Additionally, this stack benefits from Application Programming Management, which provides us with a rich set of metrics that gives us critical insights into the products, their usage, and more.
6. Disrupting the developer environments
Since we were walking on the path of microservices, we had to manage over 40 microservices which when orchestrated together to form our web service www.xoxoday.com. This implies a lot of communication between these microservices, and the sheer number of them makes it impossible and impractical to run it locally on the developer’s machine.
Hence, we had to get creative and go back into the deep waters of the native-cloud world to find a possible solution. We saw many, to name a few:
At present, our favorite and the most useful one fulfilling our needs is Kubefwd, but we may explore the other tools in the future. Kubefwd allows us to make Kubernetes services accessible on the local workstation using the same DNS as if the local developer’s machine is located inside the Kubernetes cluster!

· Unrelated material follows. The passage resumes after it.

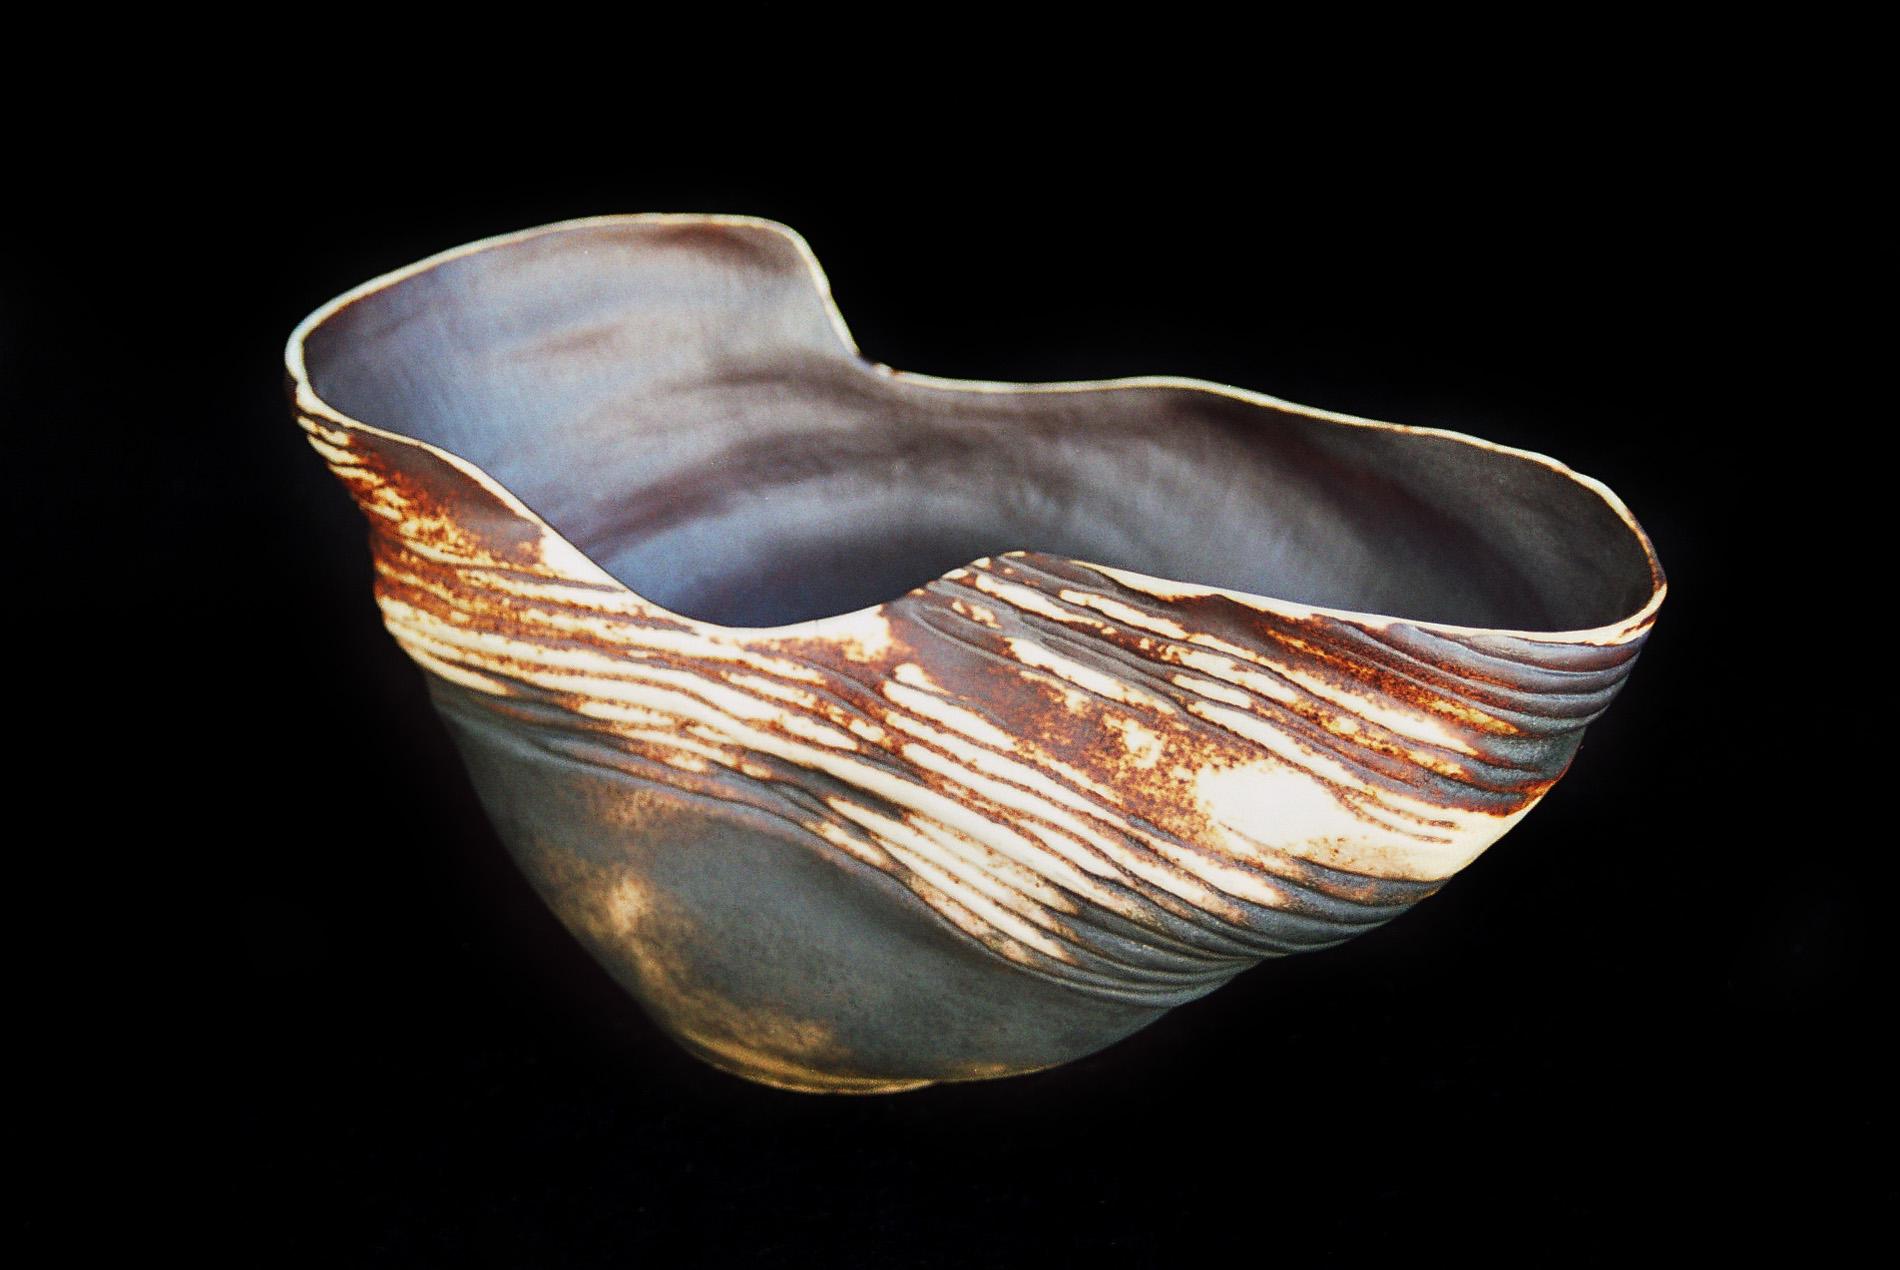 Palkó Ernő • Antique object • coloured porcelain 1300 °C • 24×35×22 cm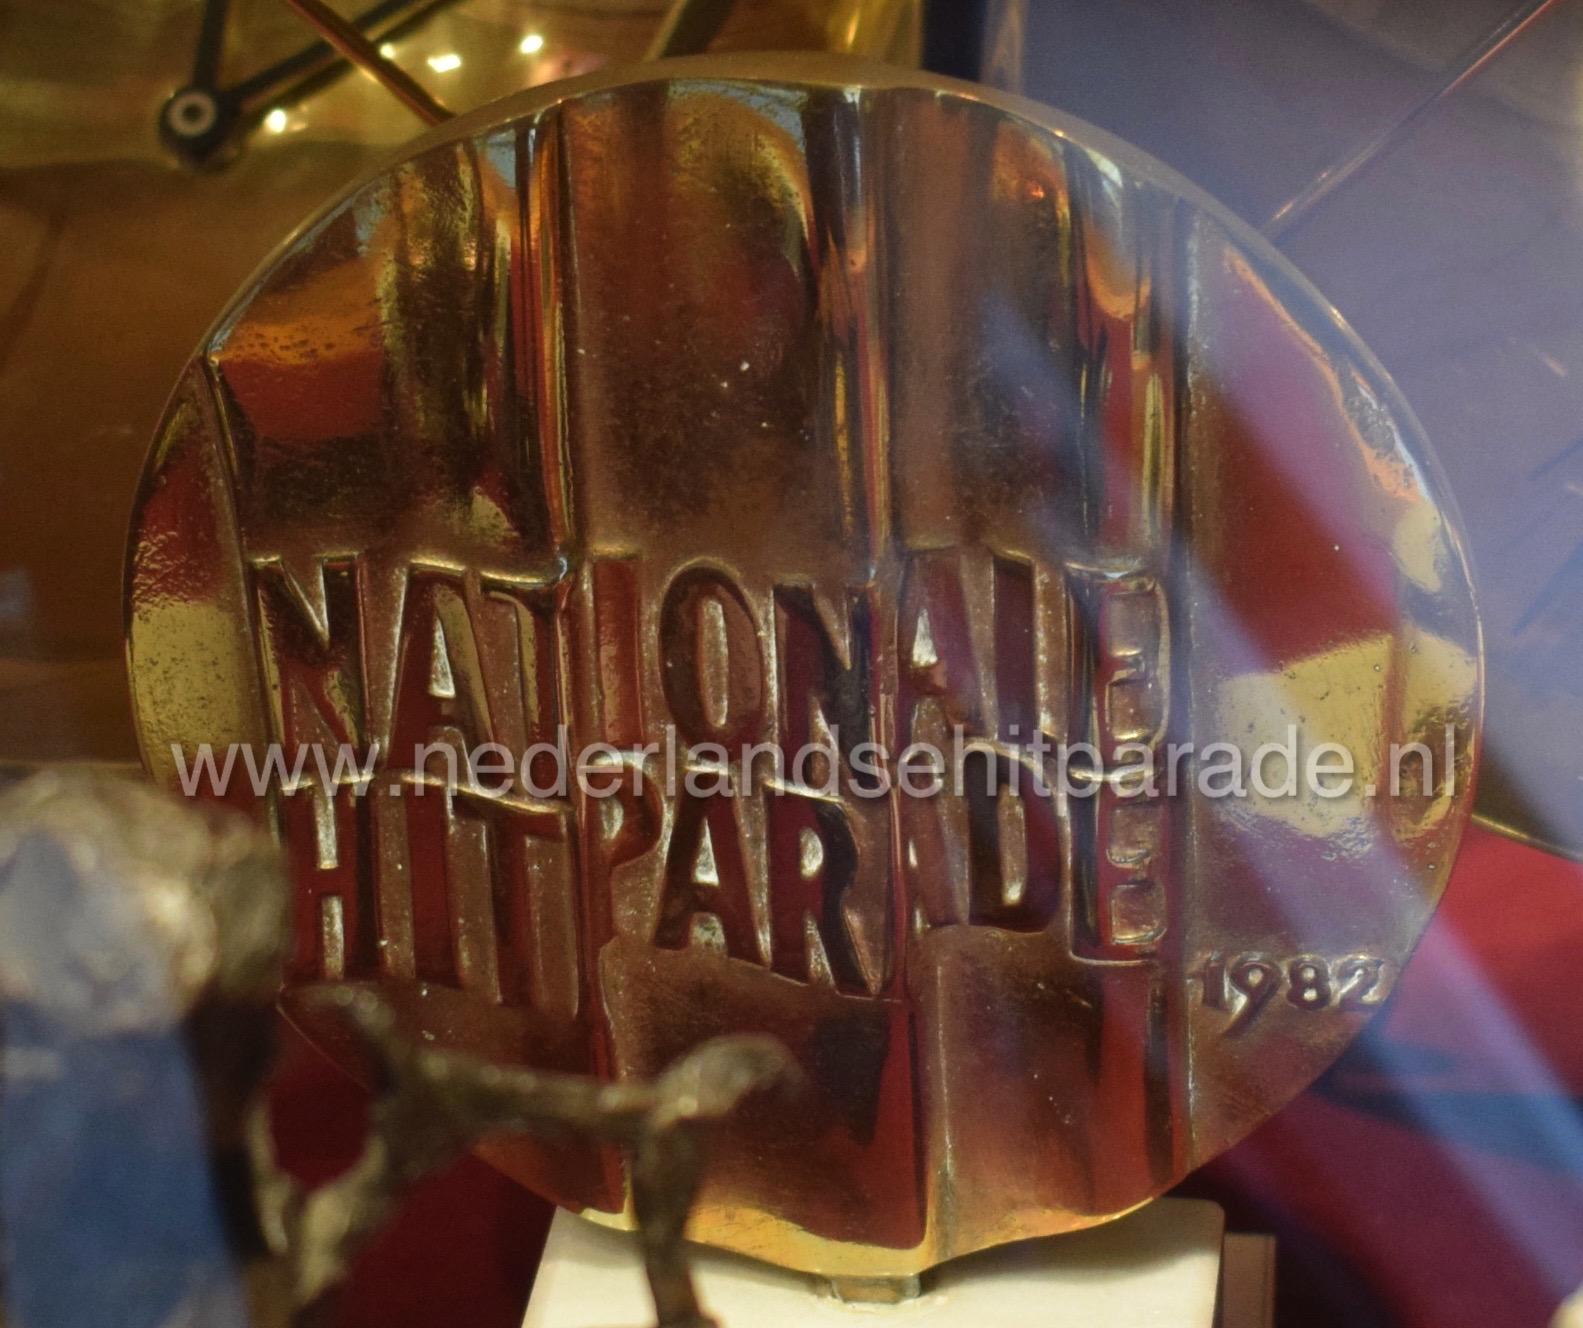 Nationale hitparade award BZN 1982.

This means an amazing productivity boost that makes developers more efficient while enhancing the overall experience and reducing the meantime to get a feature out there into the world.
After months of scrutinizing our infrastructure needs and getting it aligned with the business requirements, future growth, and current trends in the infrastructure and cloud-native world, we have finally come to a point where we can confidently look forward to some amazing days ahead.
Not only has our infrastructure taken a decade’s worth of evolutionary leaps, but it also managed to reduce the strain on DevOps teams while drastically increasing the developer productivity. Finally, our setup is cheaper and does more, and does it better!
This setup allows us to easily replicate our entire set of services, frontend, and backend and automatically set itself up within a few minutes. That will enable us to create multiple atomic, independent production environments, retrofit it with our CI/CD pipelines and automatically manage and maintain the complex setup with ease.
Additionally, the most crucial benefit of all this is that our DevOps teams can remain small and scale linearly while providing exponential global scale for our services. And the cherry on the top is that the DevOps team gets to have peaceful evenings & great weekends without having to fire-fight production issues on a reactive basis as our design and architecture allows us to address these challenges proactively.
One of the fantastic things about our setup is that the automated nature allows us to utilize spot instances for our non-production and non-critical systems. This helps us with optimizing and consolidating the costs further while having ample computing power at our disposal. This means highly cost-effective setups, and if in case AWS decides to shutdown our spot instances, no problem, within a few minutes, we will autoscale our dedicated instances and make the best of both worlds!
The current trends in the infrastructure world, especially looking at the Cloud Native developments, make it an exciting decade ahead for DevOps; it feels like we are near to achieving nirvana. The sheer number of tools, solutions, services & ecosystems that are popping up could be overwhelming at times. Still, in retrospect, we are heading towards an exciting era of rock-solid web services that are robust and always available while providing a fantastic experience for the users.